During Covid-19, QR codes made a comeback. For example, rather than seeing a physical menu at a local restaurant, servers asked patrons to scan a QR code at the table to access the restaurant’s menu. Unfortunately, cybercriminals saw this as an opportunity to use QR codes to scam users.
Since 2022, the FBI has warned that fake QR code scams are rising. So, here’s everything you need to know about QR scams so you can protect yourself and your data.
What is a QR code?
A QR code, also known as a Quick Response code, is a unique code of black and white squares. These codes are scanned with an app or your phone and link users to data and information on the internet.
QR Code Scams
Here are some of the most common QR code scams to be aware of.
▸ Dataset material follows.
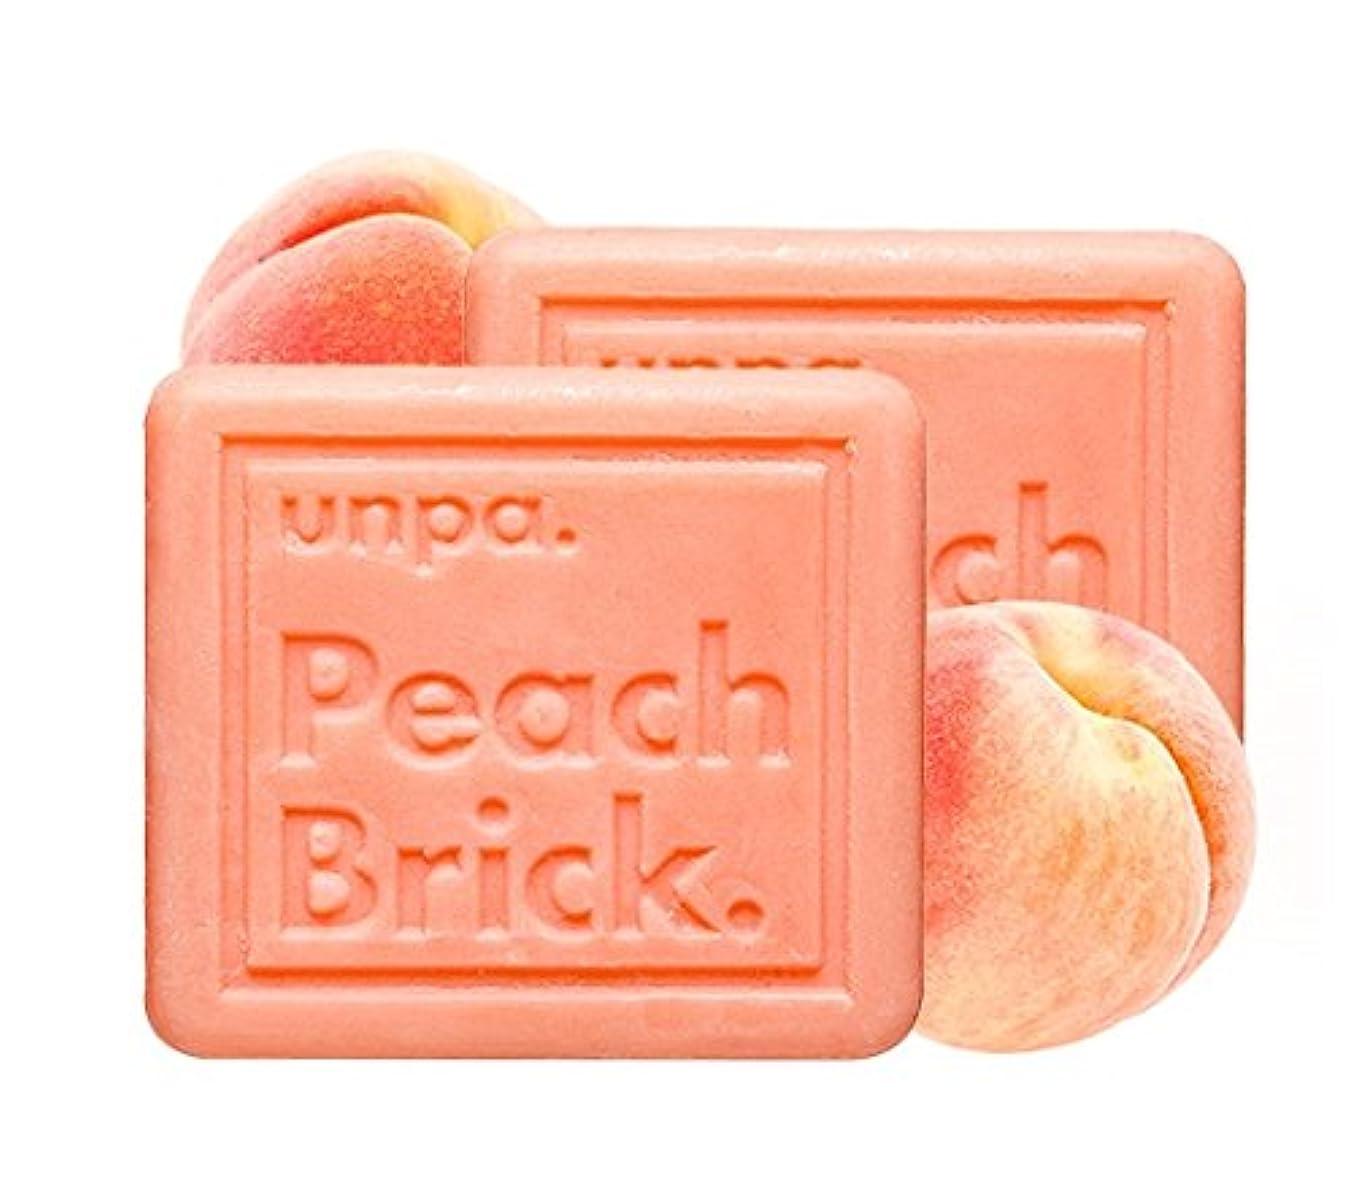 こねるプラカード十代unpa ピッチ?ブリック?トンアップ?ソープ(Peach Brick Tone-Up Soap)
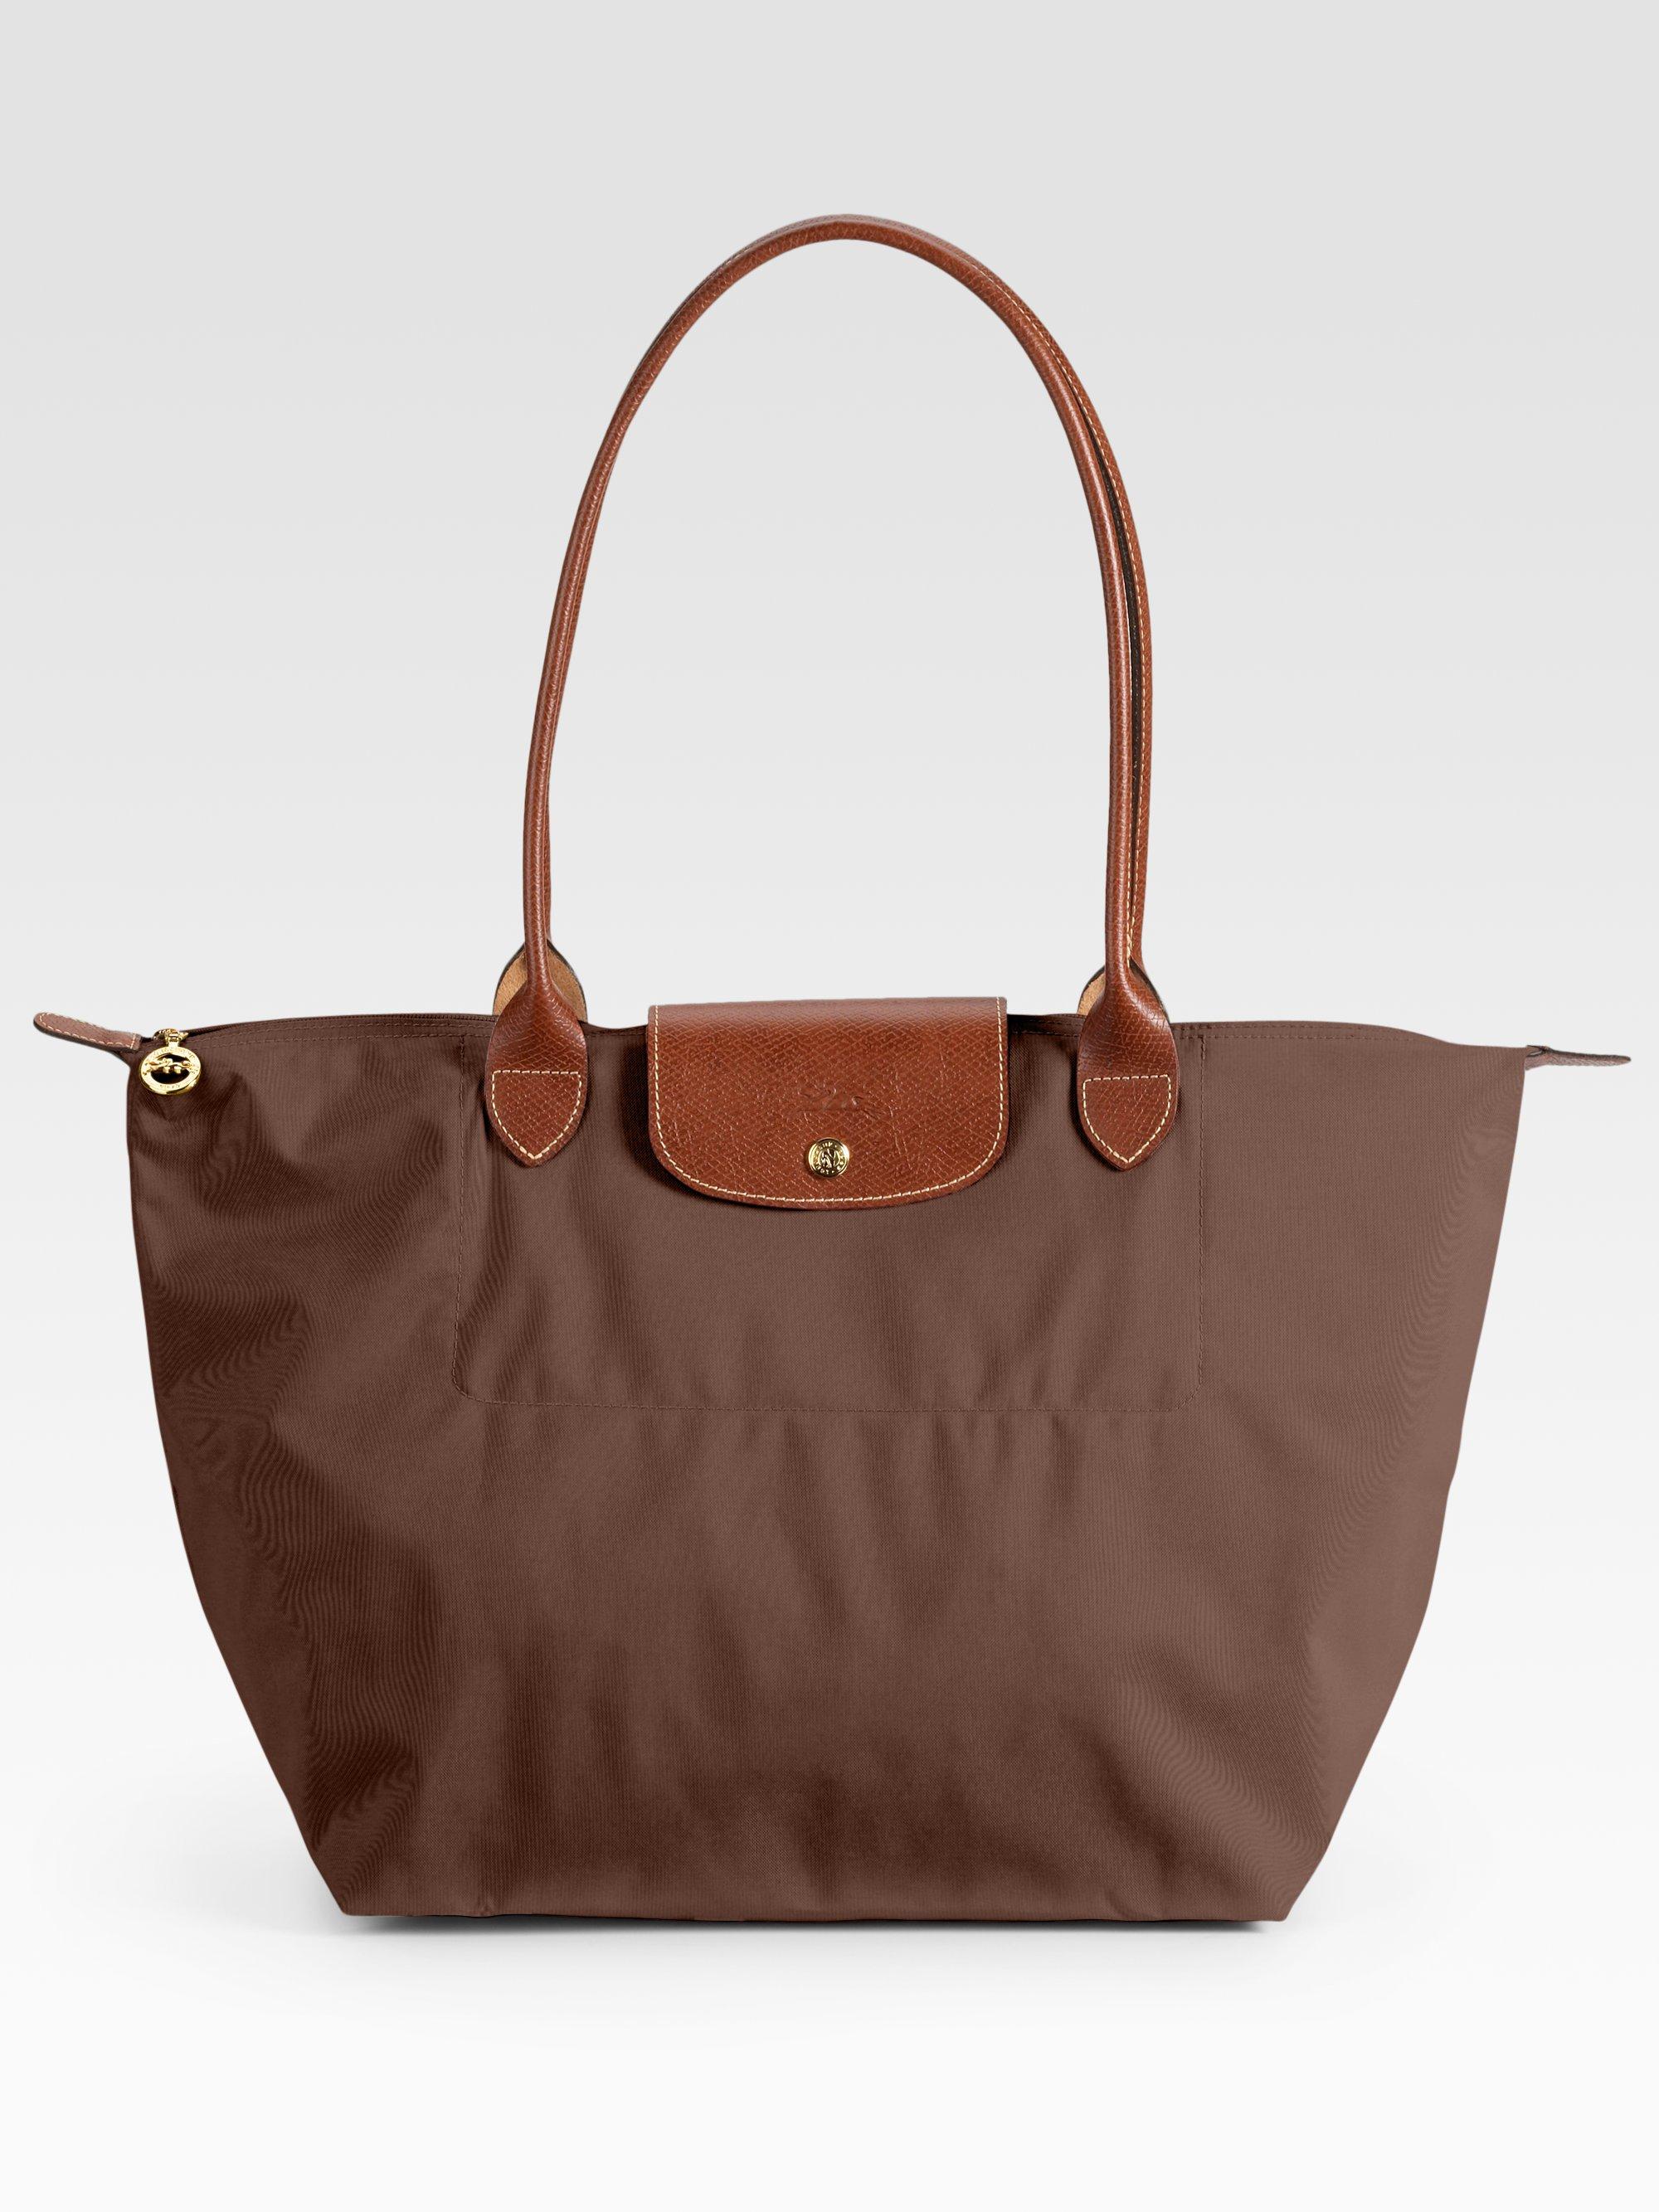 Longchamp Bag Le Pliage Australia : Longchamp le pliage large tote bag in brown lyst

A phishing attack is when a cybercriminal poses as a person or organization you trust to get personal data from you. For example, a phishing QR code may take you to a fake website that appears to be a trustworthy organization but was created to steal your login information so they can access your data and steal from you. For example, you may see a phishing QR code in public at a restaurant or gas station, but it can also be in an email or a letter.
In a malware attack, cybercriminals use QR codes to embed links to web pages containing viruses and other malware. When you scan the fraudulent QR code, you can accidentally give access to malware to damage your device or start tracking you and the information on your device.
Now, there are places where you can access payment sites through a QR code. For example, some gas stations, restaurants, and parking meters direct consumers to a payment website via a QR code.
Cybercriminals sometimes cover up the original QR code with their fraudulent QR code to have you pay them instead of the correct vendor for goods or services.
How to Protect Yourself From QR Code Scams
The best way to protect yourself from QR code scams is to avoid scanning QR codes you don’t trust.
However, with cybercriminals being stealthy, it’s not always easy to know which QR codes you can trust and which ones you can’t. Here are some specific ways to protect yourself from QR code scams:
- According to the Better Business Bureau, it’s helpful to download a QR scanner with built-in security features, such as the Kaspersky QR Scanner.
- If you scan a QR code, check the URL before taking action or clicking on any links. If the web address doesn’t make sense with the company you thought you were scanning a QR code through, avoid clicking any links, and close the page.
- Install antivirus software on your devices. If you accidentally scan a malicious QR code, you’ll be better protected against potential malware if you have installed antivirus software.
- If you come across a QR code and are unsure whether you can trust it, try to look for information that you can type in manually first. For example, if you are at a parking meter, instead of scanning the QR code, try searching for a website that you can manually enter to make your payment. While it may take a few more seconds, it will save you time to unwind a fraudulent charge in the long run.
Next Steps if You Fall for a QR Code Scam
Even the most careful people can fall victim to scams from time to time. If that happens to you, here are the steps you should take immediately after realizing you may have fallen victim to a QR code scam:
- Start by contacting your bank account and informing them that you think your data may be at risk. They will block your account so money cannot be taken from your account.
- Download antivirus software and run a virus scan to ensure your device doesn’t have malware.
- If you think the site may have stolen sensitive information, such as passwords or usernames, make sure you log into your accounts and change your passwords immediately. Furthermore, if you use the same username or password on any other accounts, make sure you change those.